Elbette ABD’nin İran nükleer dosyası, Ukrayna'daki savaş ve Ortadoğu'daki askeri konumlanışının niteliği ve büyüklüğü ile ilgili meşguliyetleri nedeniyle mevcut dönemde bu gelişmelerin dışında kalması, savaşın sürdürülmesi yönündeki eğilimi destekleyen bir unsur oluşturuyor. Washington’ın Sudan'daki mevcut insani krizin büyüklüğüne ve kritik seviyelerde kıtlık noktasına ulaşmış olmasına rağmen, ABD'nin eski Sudan Özel Temsilcisi Tom Perriello’nun yerine yeni bir temsilci atamakta isteksiz davranmasına neden olan yukarıda belirtilen meşguliyetleri çerçevesinde HDK üzerinde yakında bir baskı uygulamayacağı da aşikar.

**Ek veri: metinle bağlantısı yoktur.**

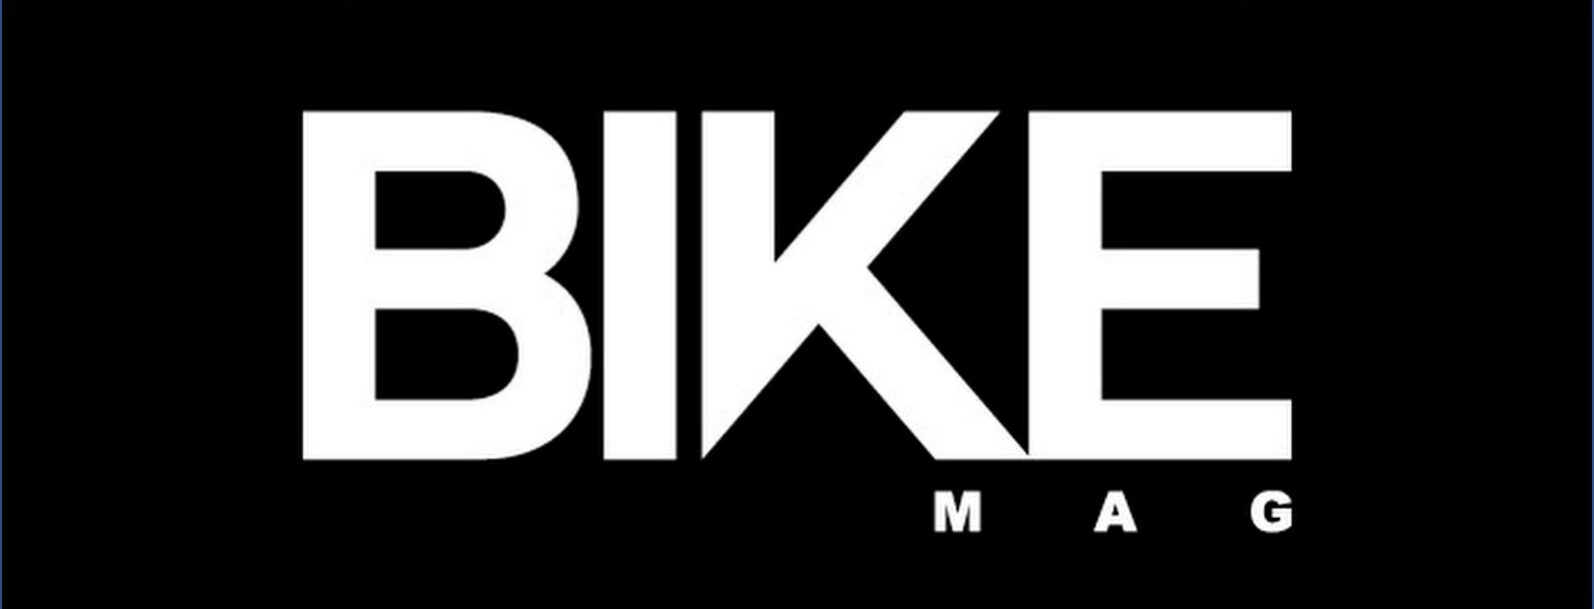 bikemag_logo-e1558015268428.jpg

Şarku’l Avsat’ın Independent Arabia’dan aktardığı analize göre Sudan Dışişleri Bakanı Ali eş-Şerif’in aniden görevden alınması ve yerine örgütsel derinliği olan Ulusal İslami Cephe partisinden Ömer Muhammed Ahmed Sıddık’ın atanması, eski rejimin Dışişleri Bakanlığı'nda kendisine yeniden yer bulduğunu gösteriyor. Bu aynı zamanda Korgeneral Abdulfettah el-Burhan'ın siyasetle ilgisi olmayan teknokratlara güvenmekten vazgeçtiğini de gösteriyor. Zira Şerif, Sudan Dışişleri Bakanlığı'nda siyasileştirilmemiş bir diplomatik alandan geliyordu ve önerdiği değişikliklerle bakanlıktaki iç politikaları bu alanla uyumlu hale getirmişti.

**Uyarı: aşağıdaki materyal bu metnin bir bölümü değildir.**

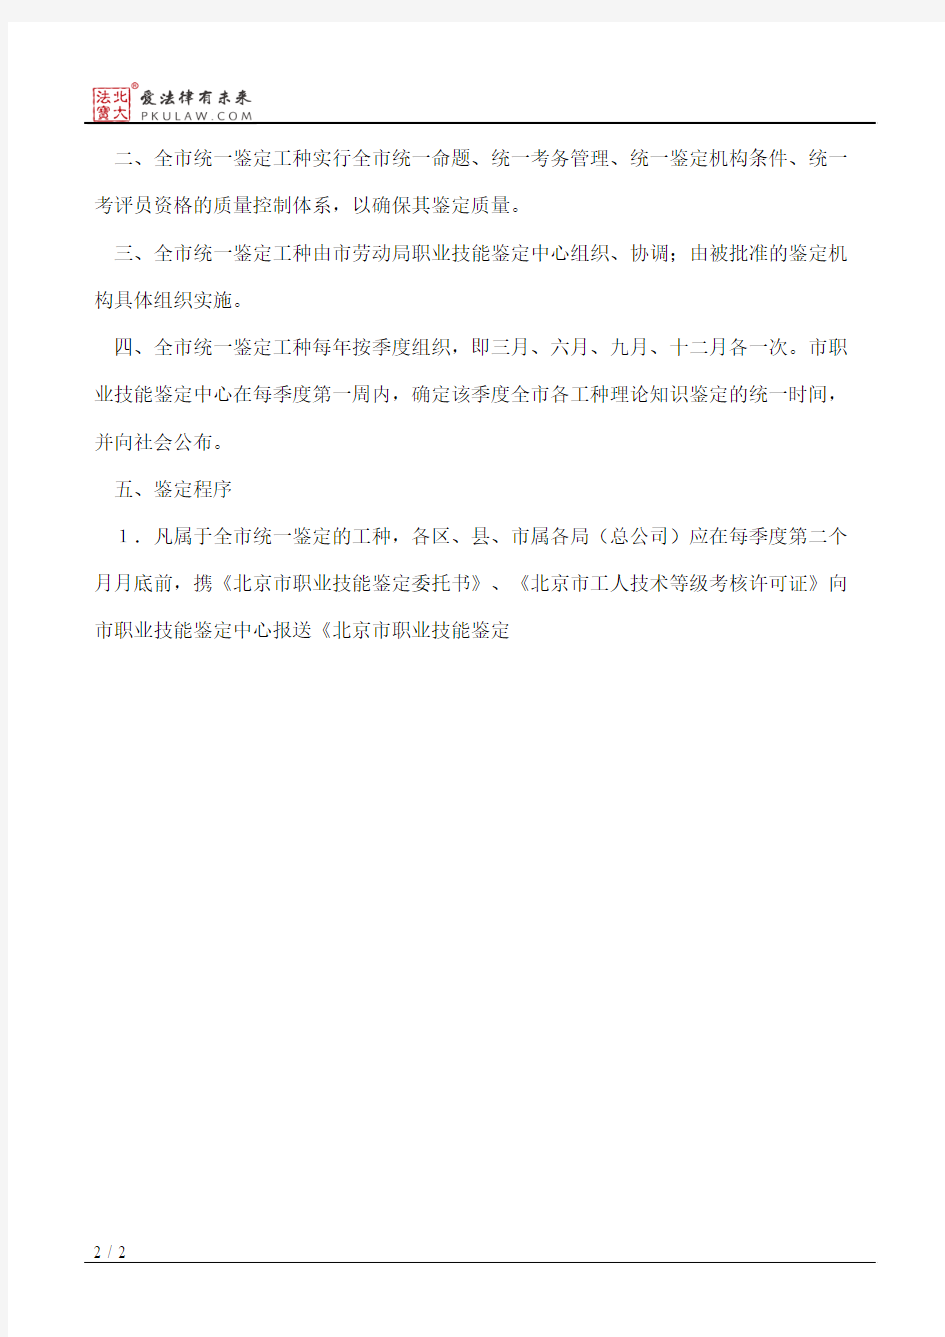 北京市劳动局关于全市统一鉴定的工种实施职业技能鉴定有关问题的通知
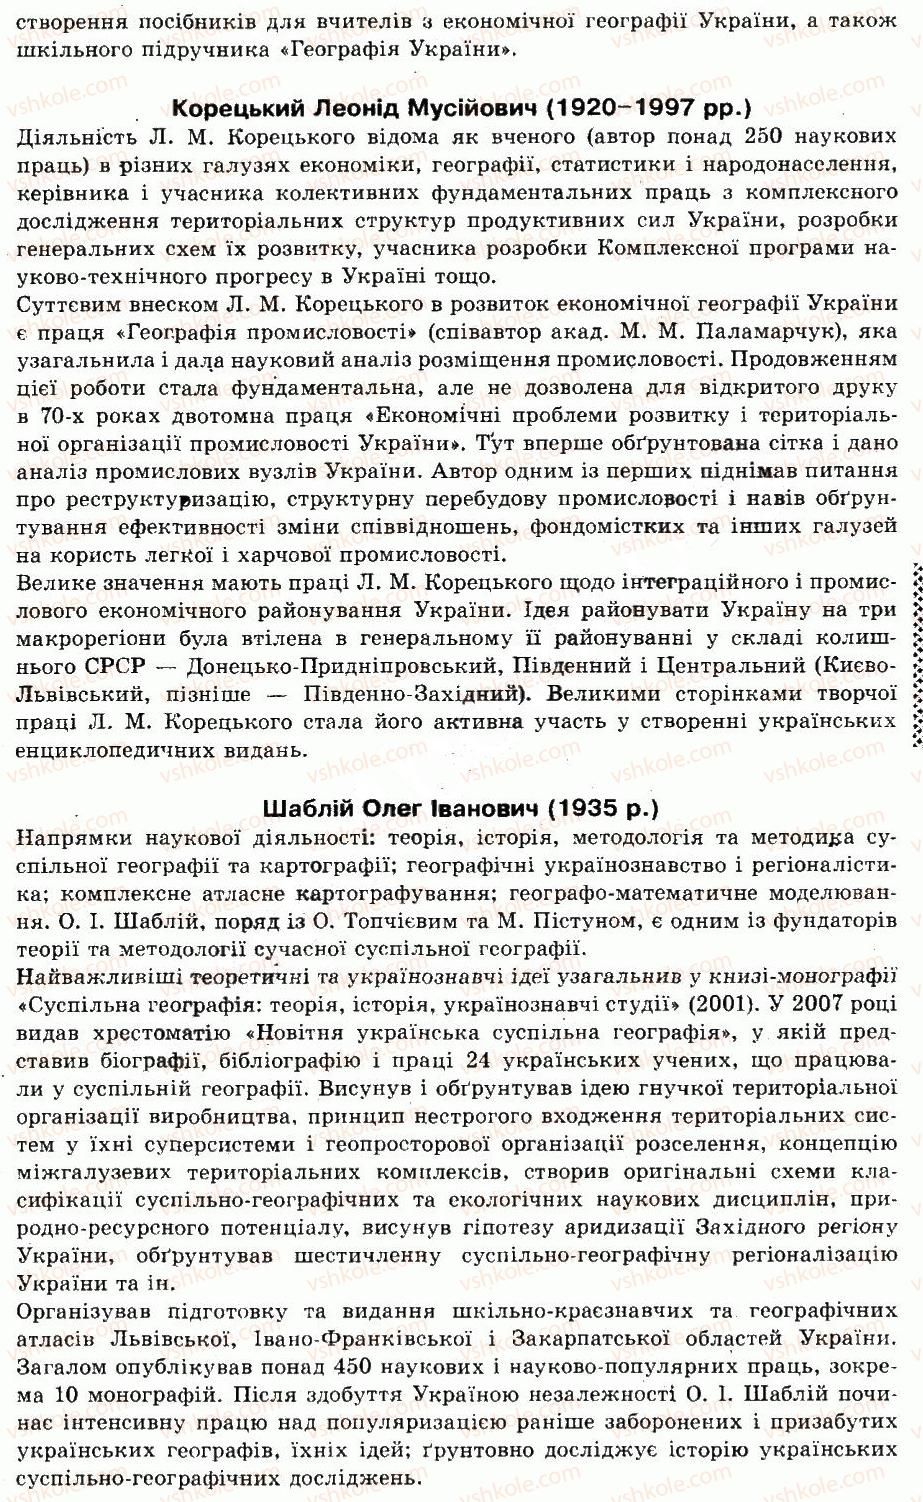 9-geografiya-of-nadtoka-om-topuzov-2009--vstup-1-aktualnist-predmeta-ekonomichnoyi-i-sotsialnoyi-geografiyi-ukrayini-v-sistemi-geografichnoyi-nauki-3-rnd1089.jpg

Bu gelişmeyle Egemenlik Konseyi Başkanı ve Ordu Komutanı Orgeneral Abdulfettah el-Burhan iç politika yapıcılarının değişiminden vazgeçmeye ya da onlar arasındaki konumunu değiştirmeye niyeti olmadığını bir kez daha gözlemliyoruz. Bu gelişme ayrıca, Orgeneral Burhan'ın özellikle BM Genel Kurulu platformunda her zaman beyan ettiği gibi, Sudan hükümetinin Hartum'un kontrolünü ele geçirdikten sonra yeni bir teknokratlar hükümeti kurma konusunda inandırıcılığının çok zayıf olduğunu da gösterdi.

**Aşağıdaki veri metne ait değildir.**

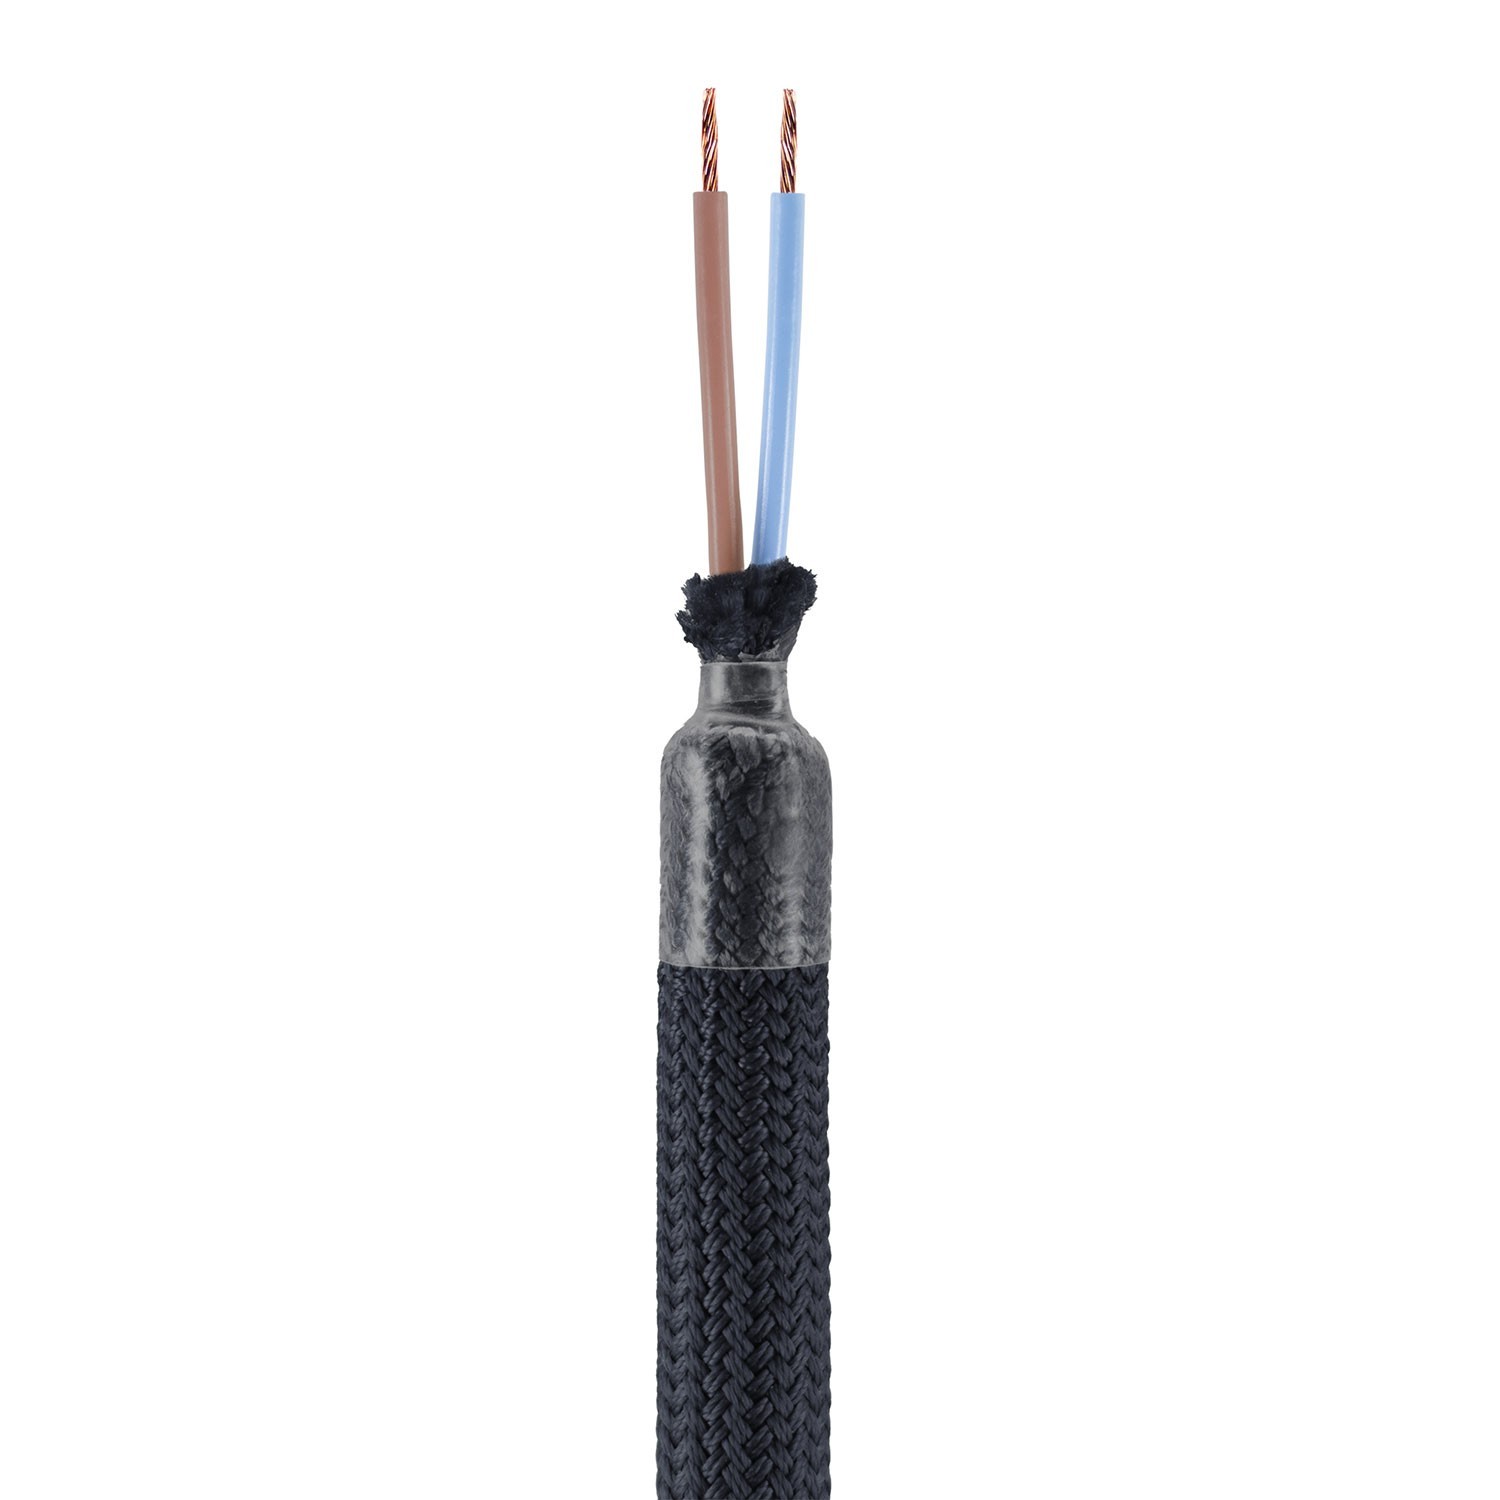 Kit Creative Flex flexibele buis bekleed met zwarte RM04 stof met metalen eindstukken

Mevcut yerel ve bölgesel dinamikler, Beşir rejiminin karar alma sürecindeki göreceli ağırlığı, şu an Güney Sudan'da olduğu gibi ya askeri çözüm yoluyla savaşı sürdürme ya da Darfur bölgesini kabile çatışmalarına terk etmesi için baskı yaptığından, özellikle Darfur eyaletinde olmak üzere Sudan'daki savaşın geçen bu üç yılla yetinmeyip önümüzdeki yıllarda da devam edeceğine işaret ediyor.

Yerinden edilme sorunu

Milyonlarcası komşu ülkelere göç etmek zorunda kalan Sudanlılar, Sudan'a dönseler de dönmeseler de savaşı durdurma ve daha da önemlisi sürdürülebilir siyasi istikrar sağlayacak iç siyasi denklemleri başlatma ihtimalini yakından takip ediyor.

Bu bağlamda Sudanlıların Mısır’dan geri dönüşlerinin Sudan'ın doğu ve orta bölgelerine olduğunu ve Mısır'da ekonomik zorluklarla karşılaşan nispeten zayıf sosyal gruplarda yer aldıklarını, varlıklı sosyal grupların ise evlerine dönme kararını bir sonraki duyuruya kadar ertelediklerini belirtmekte fayda var. Mısır, bir milyon Sudanlıya ev sahipliği yapıyor. Bu da Mısır-Sudan ilişkilerinin ufkunu bir yandan ikili ilişkileri ekonomik ve sosyal düzeyde derinleştirecek olumlu etkileşimlere açarken diğer yandan da Beşir rejiminin iki ülke arasındaki olumlu etkileşime karşı uygulamalarının bıraktığı ağır mirası ve eski Mısır Cumhurbaşkanı Hüsnü Mübarek'e yönelik suikast girişiminde Beşir rejimine bağlı unsurların yer almasını marjinalleştireceğine şüphe yok. Resmi düzeydeki ilişkilere gelince, Orgeneral Burhan'ın yerel düzeydeki politikalarının istikrarsız doğası nedeniyle istikrara tanık olamayacaklarına inanıyorum.